### WHAT IS EXPECTED
Repeat, exactly as written, the lines from the one with "Ilkay Gundogan and Leroy Sane at La Bandera" to the final line of the listing, and keep every picture out.

### DATA SECTION
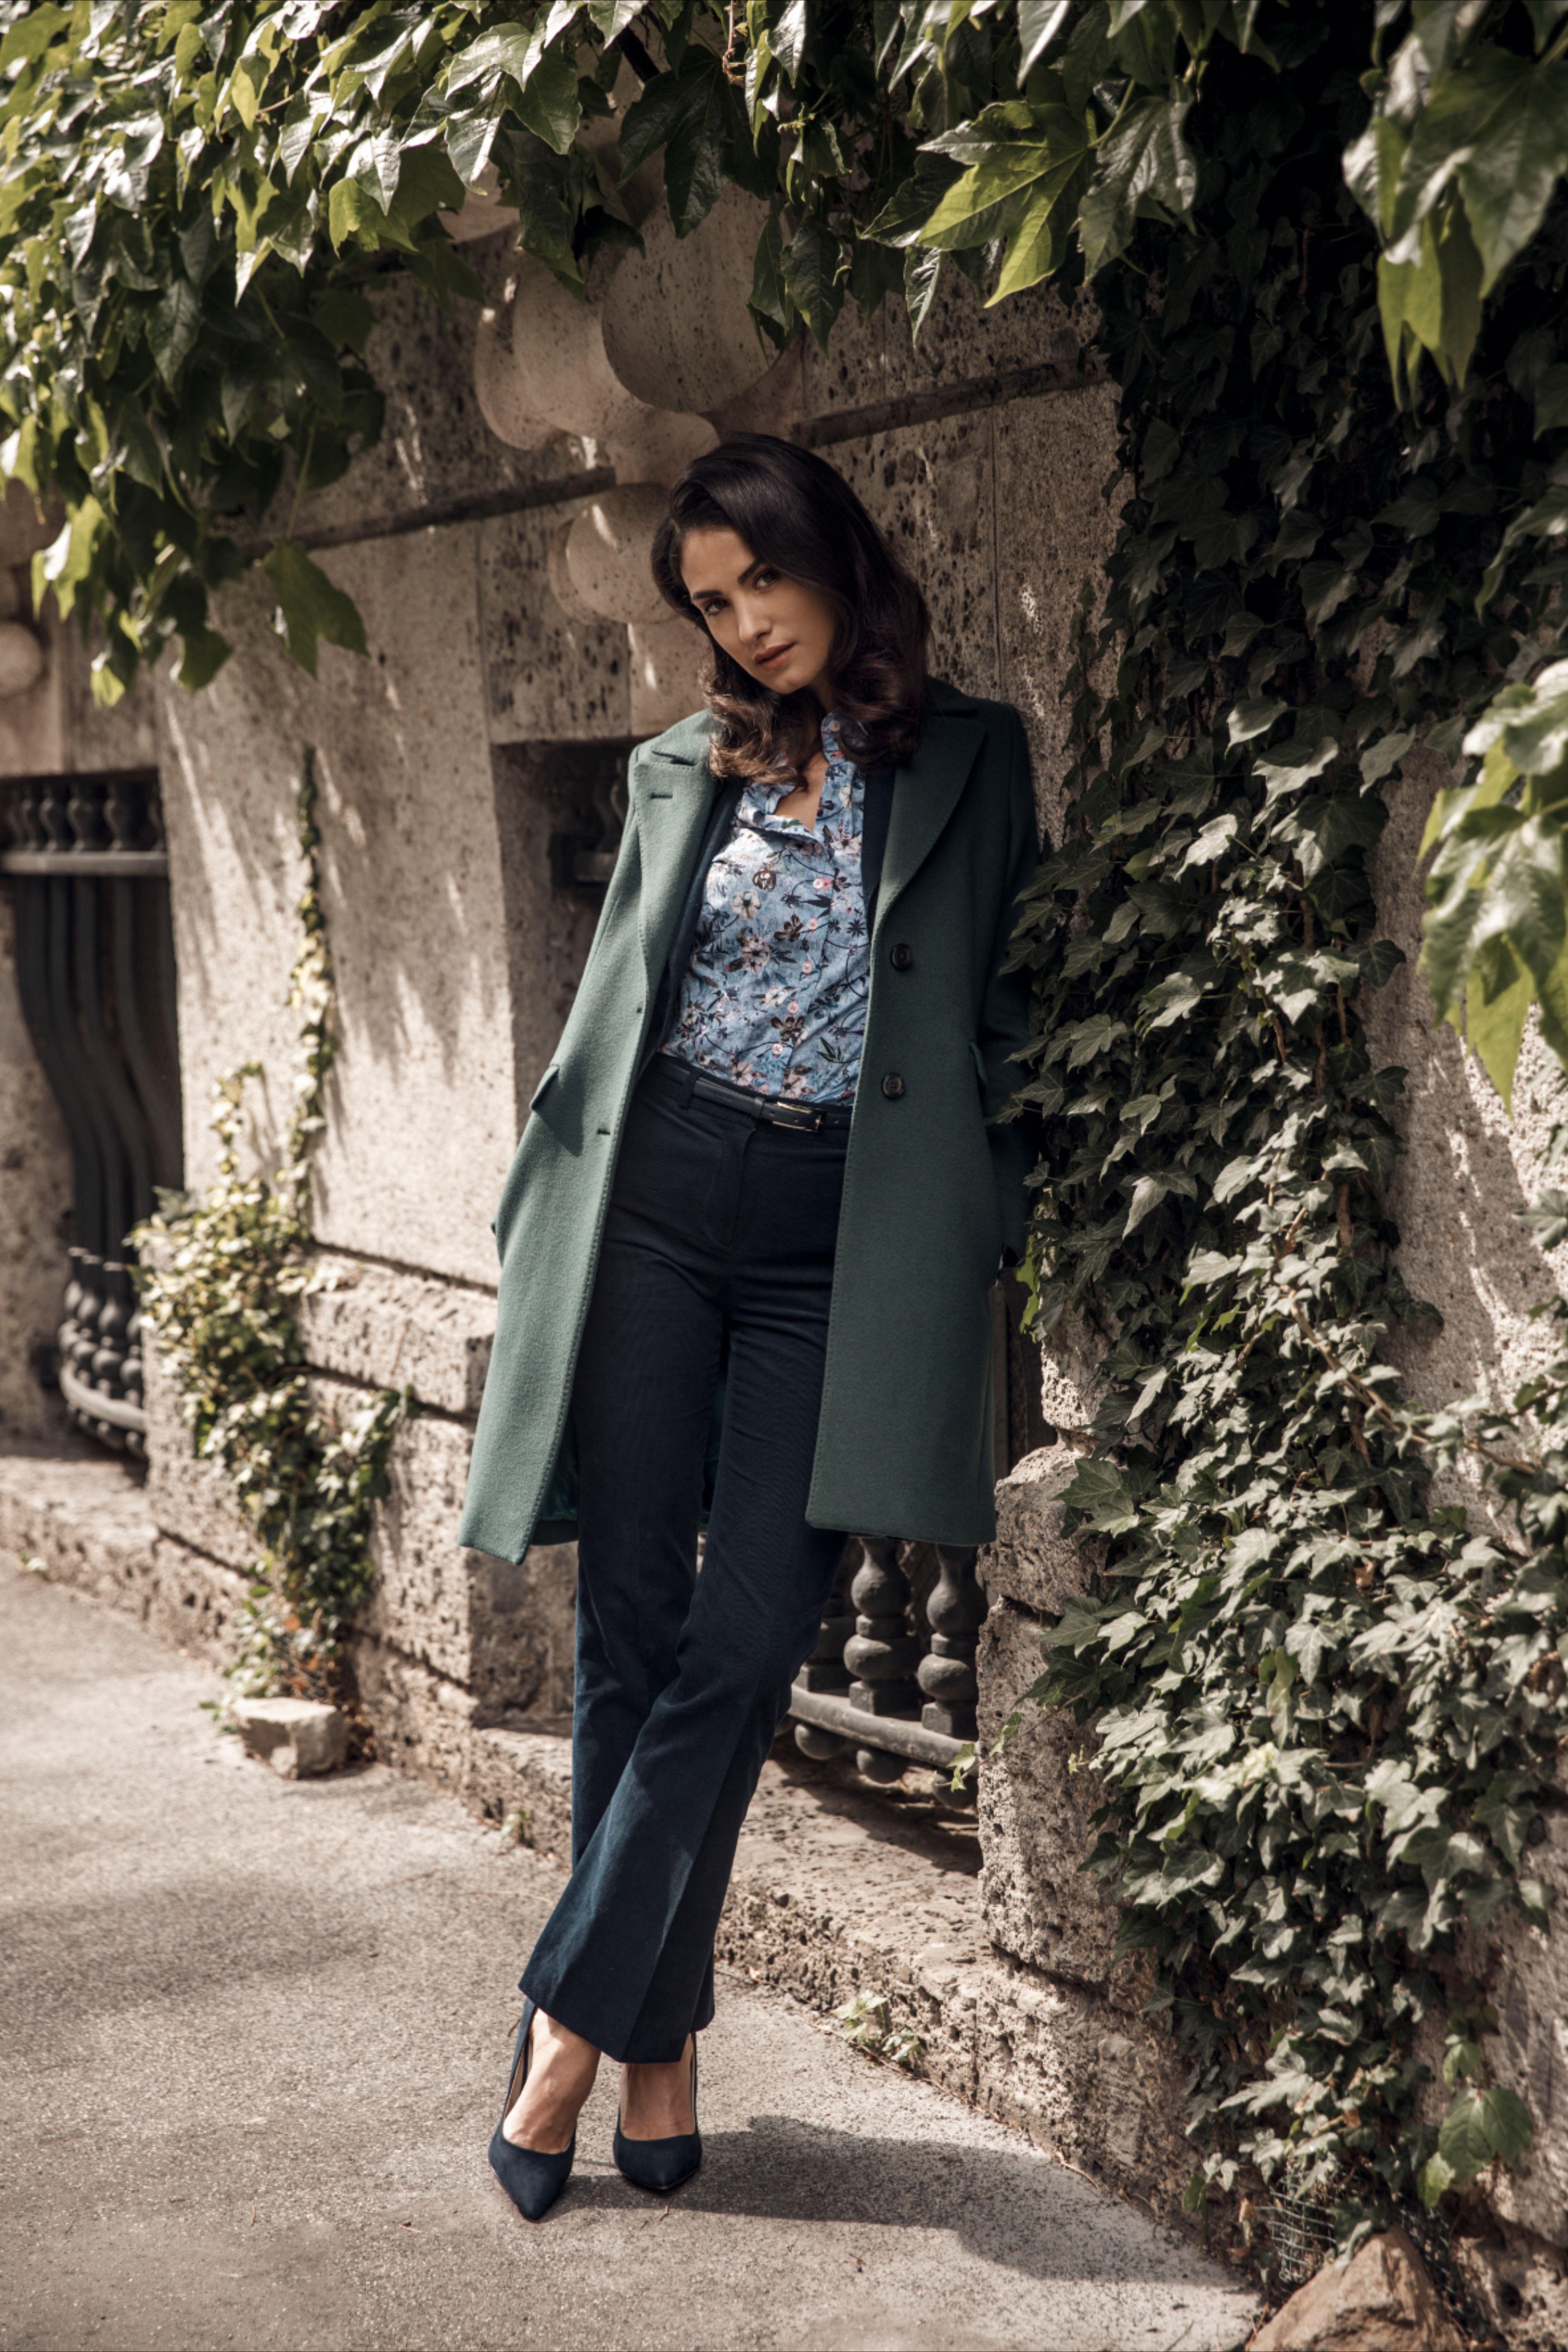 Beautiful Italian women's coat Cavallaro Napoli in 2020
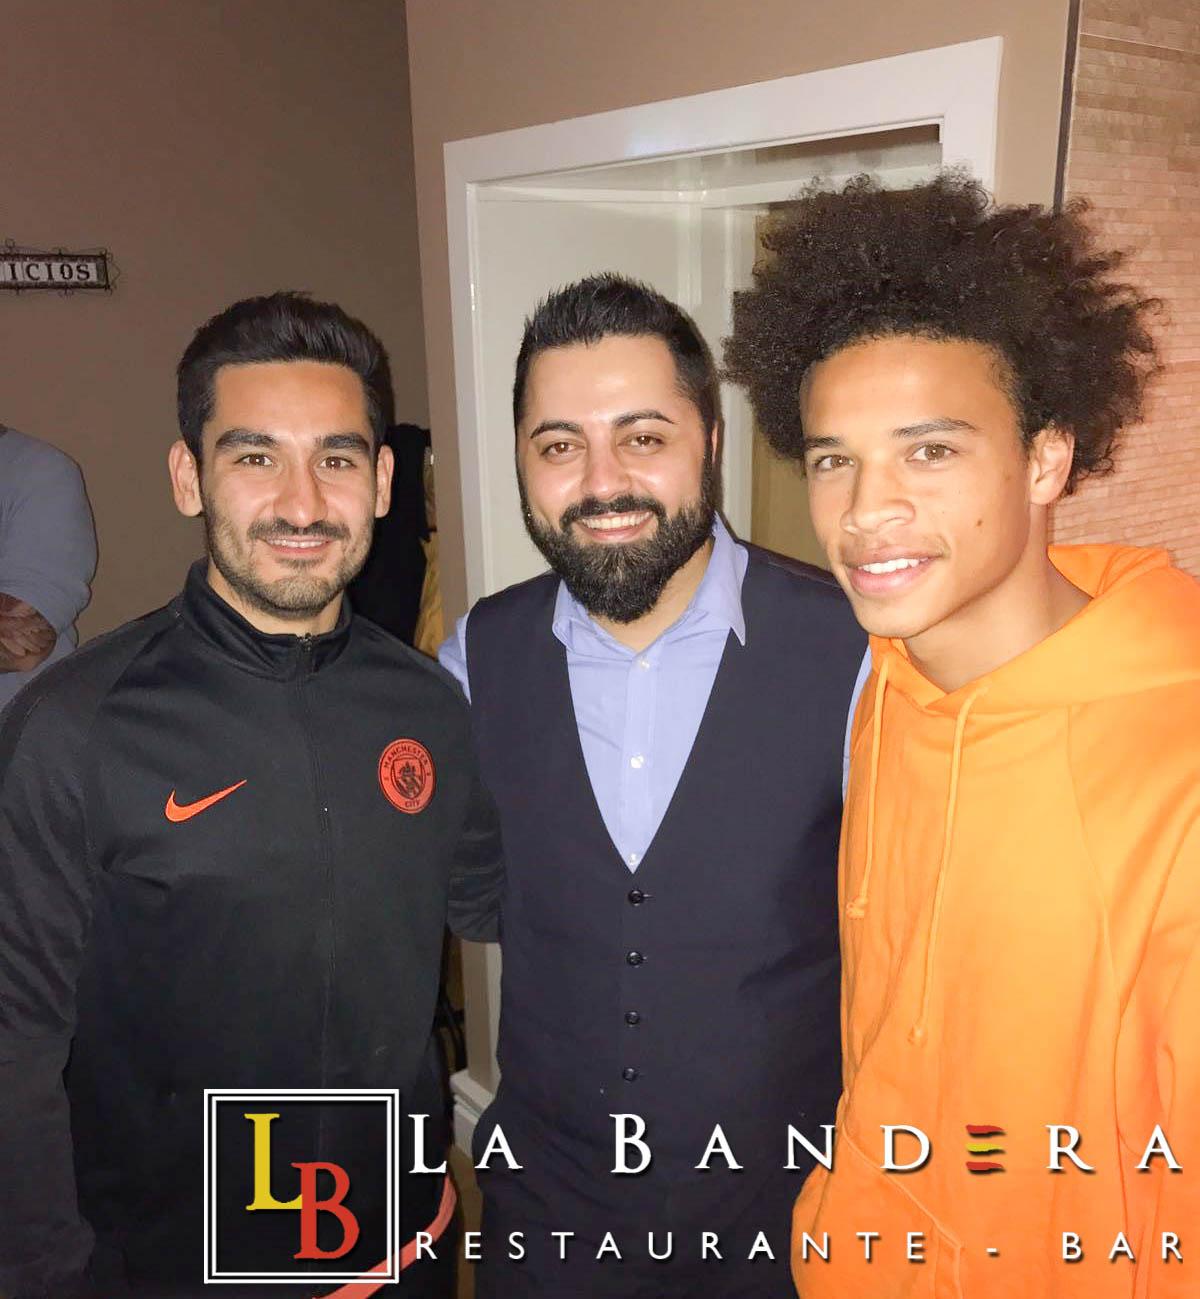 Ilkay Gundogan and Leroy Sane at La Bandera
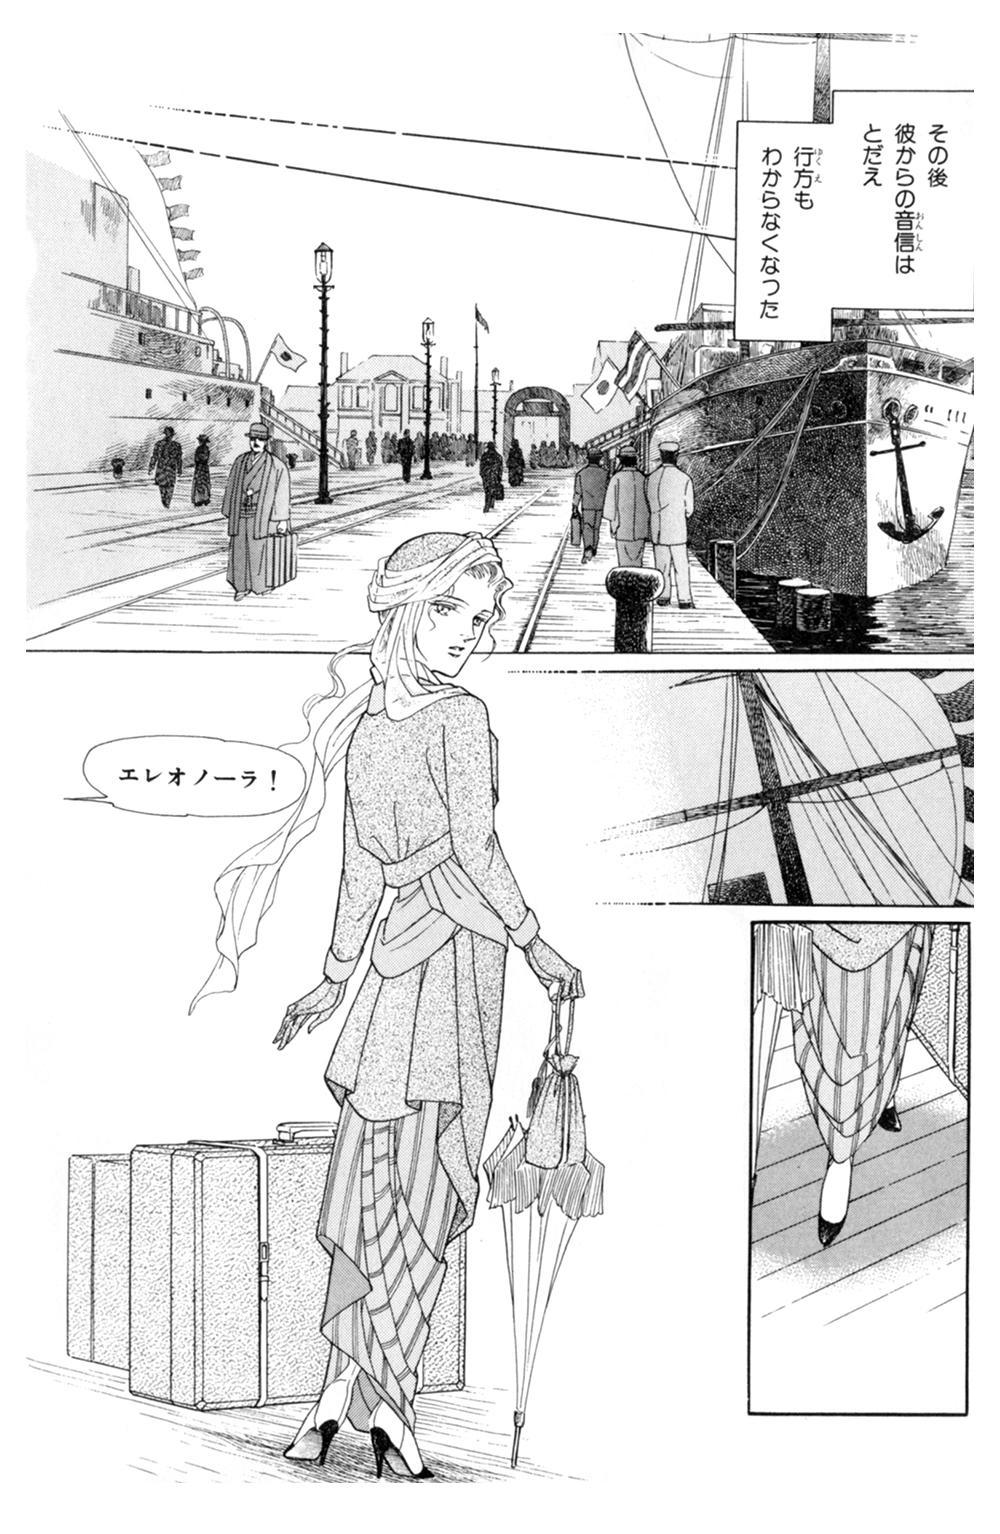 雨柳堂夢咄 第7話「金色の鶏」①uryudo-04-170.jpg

### REPLY TO THE EXERCISE
 Ilkay Gundogan and Leroy Sane at La Bandera
 雨柳堂夢咄 第7話「金色の鶏」①uryudo-04-170.jpg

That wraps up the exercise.